Оценив раскрытые рты аудитории, она улыбнулась и спустилась со сцены.
— Видите, как просто! А оценивать вас будут, — я показал на огороженные места в центре зала, — лучшие из лучших. Актеры драматического театра города Калинина. Поаплодируем!
На самом деле артистов уговорить на такое оказалось довольно легко. Зная на своей шкуре, какой мстительной бывает подогретая критиками публика, они с радостью согласились немного побыть на другой стороне баррикад.
— Но это только первый этап! К сожалению, не все из вас его пройдут по самым разным причинам. К примеру, современное радио все еще слишком капризно к тембру голоса, поэтому прошу заранее не обижаться. Просто попробуете в следующий раз!
Над этой фразой я долго думал вчера. Примерно представляя общий уровень речи, я совершенно не хотел бодаться с мамочками и папочками мекающих и бекающих соискателей. Ну, не смазывают машину сливочным маслом, хотя на хлеб оно идет очень даже ничего. И вашему картавящему чаду надо сначала к логопеду походить, а уже потом приближаться к микрофону. А вот «тембр не подходит» звучит щадяще для родительских ушей, ведь можно еще и в оперу попробовать…
— Поэтому вечером мы вывесим номера тех, кто прошел во второй этап, который будет проходить завтра. Но не обольщайтесь: верхняя планка будет задрана уже совсем высоко, и прошедших будут оценивать уже совсем другие люди! Даже будет специальный врач — фониатор!
На самом деле фониатора мне взять было неоткуда. Просто вчера на процедурах в больнице ко мне подошла отоларинголог и спросила, не могу ли я ей помочь с докторской. Я так и не понял темы, но предоставить возможность собрать кучу наблюдений по поведению голосовых связок во время нагрузок не отказался. Мне несложно, а научности событию предаст.
— Ну и наконец, с лучшими из лучшими мы будем работать лично, — я потер предвкушающе руки. — И именно им будет предложено войти в штат радиостанции. Вопросы есть?

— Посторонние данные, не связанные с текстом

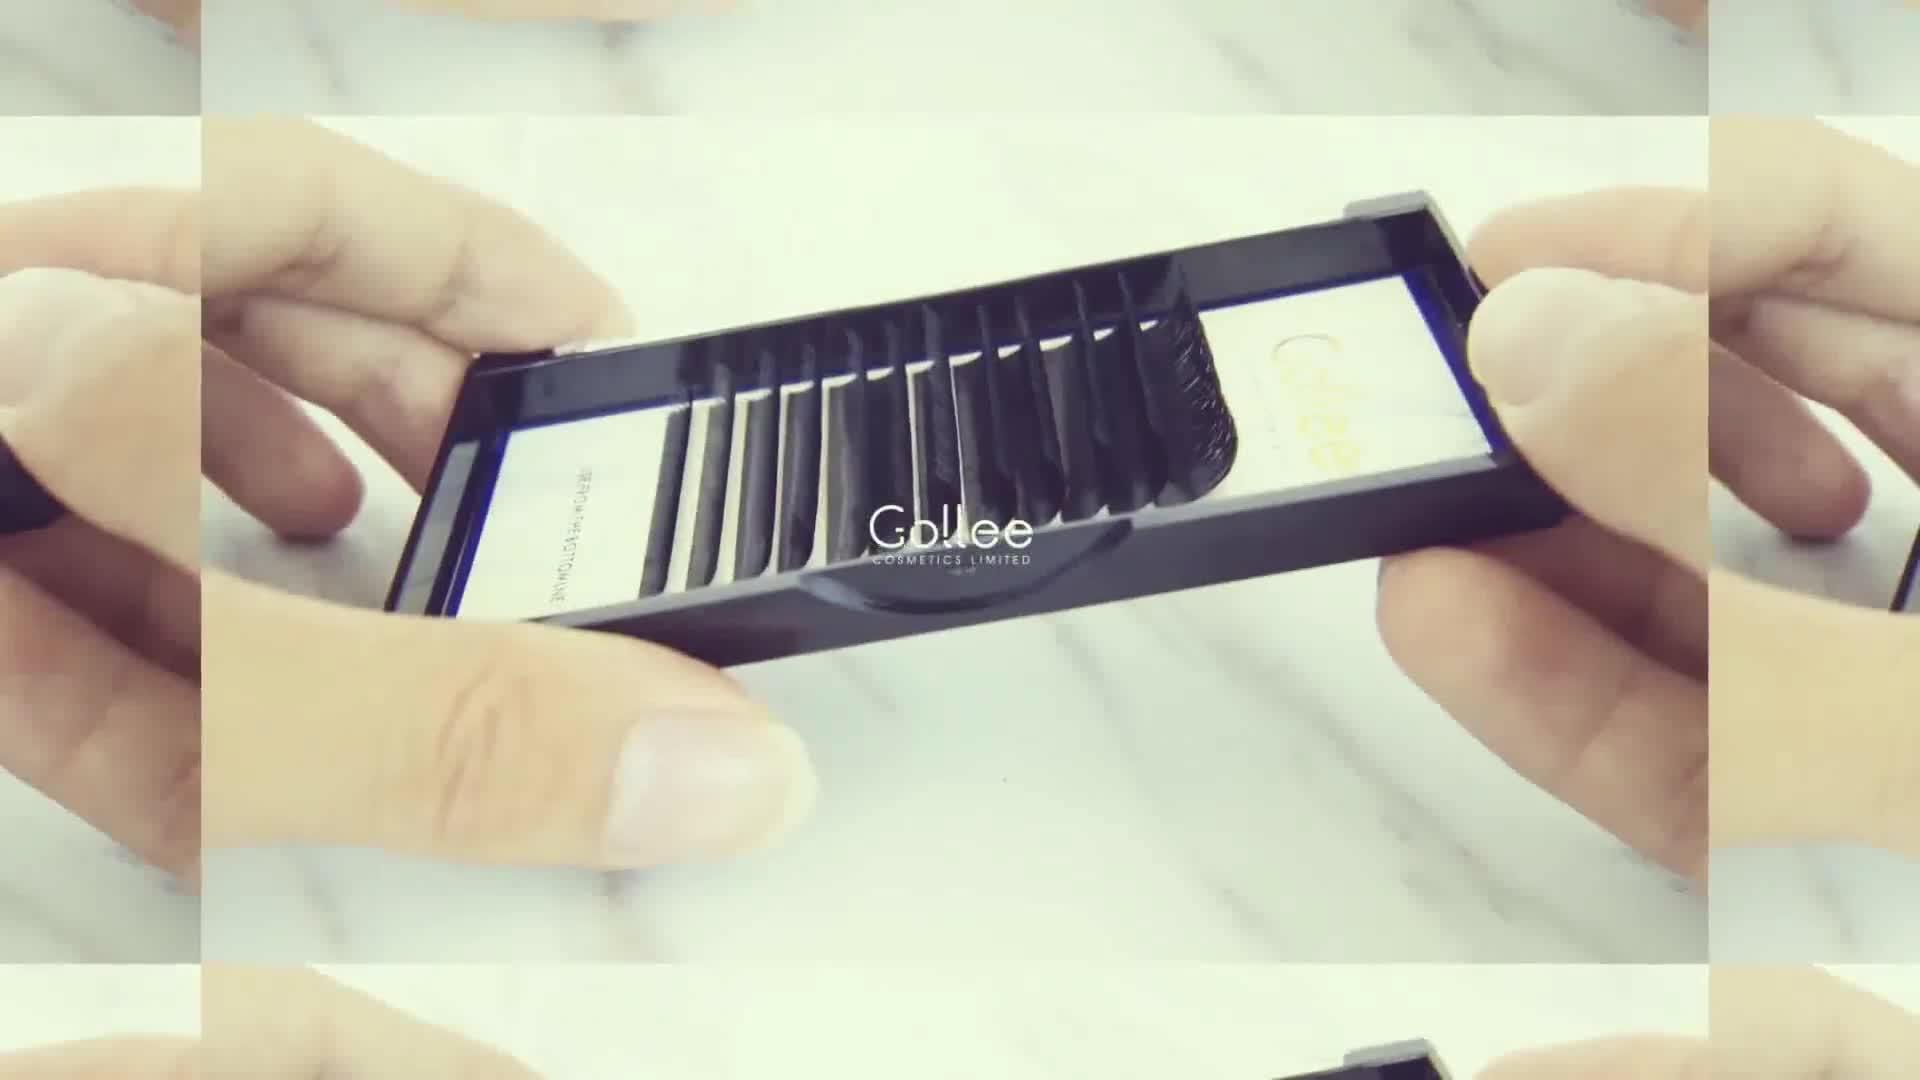 1s Fast Drying 8 Weeks Long Lasting Eyelash Extension Glue Strong Eyelash Glue Private Label

Я оглядел зал, скользя взглядом по лицам. Все-таки, откуда во мне талант языком чесать проявился? Вон сколько людей, и ни одного равнодушного лица.
— Ну, раз нет, тогда предлагаю начать. Девушка, рискнете быть первой? — я обратился к сидящей в первом ряду, весь вид которой буквально кричал: «И хочется, и колется».
Суетливо вскочив, она буквально подбежала к коробке, выдернула на ходу номерок и взлетела на сцену. Внезапно из зала раздался крик «Ленка, давай!» с последующим оглушительным свистом.
— Васька! Я уж тобя! — только что не знающая куда деть руки девушка погрозила кулачком в зал. В ответ из зала послышались смешки и выкрики «комсомол».
— Так! Все, тихо! Васильев, опять предупреждение захотел? — а вот теперь перед микрофоном стояла совсем другая. Ни капли смущения, глаза горят, а руки готовы свернуть шею незадачливому шутнику.
Я даже не успел подойти к микрофону, как в зале стало тихо. Надо же, какая интересная конкурсантка у нас…
Чем отличаюсь я от женщины с цветком,
От девочки, которая смеется,
Которая играет перстеньком,
А перстенек ей в руки не дается?…
— Девушка, а номер? — я едва успел спросить в спину фемину, так же стремительно покидающую сцену.
— Ой! Двадцать восемь!
Убедившись на примере первой жертвы, что процесс вовсе не страшен, зал оживился. Около коробки с номерками тут же образовался легкий водоворот. Кто-то пытался найти номерок посчастливее, кто-то просто радовался возможности поделиться своими ощущениями с соседом.
Постепенно все вошло в ритм, и конвейер заработал, доставляя на сцену неограненные куски будущих алмазов и прочих брильянтов. Убедившись, что все идет хорошо, я прошел в конец зала и уселся на последний ряд, чтобы иметь перед собой всю картину.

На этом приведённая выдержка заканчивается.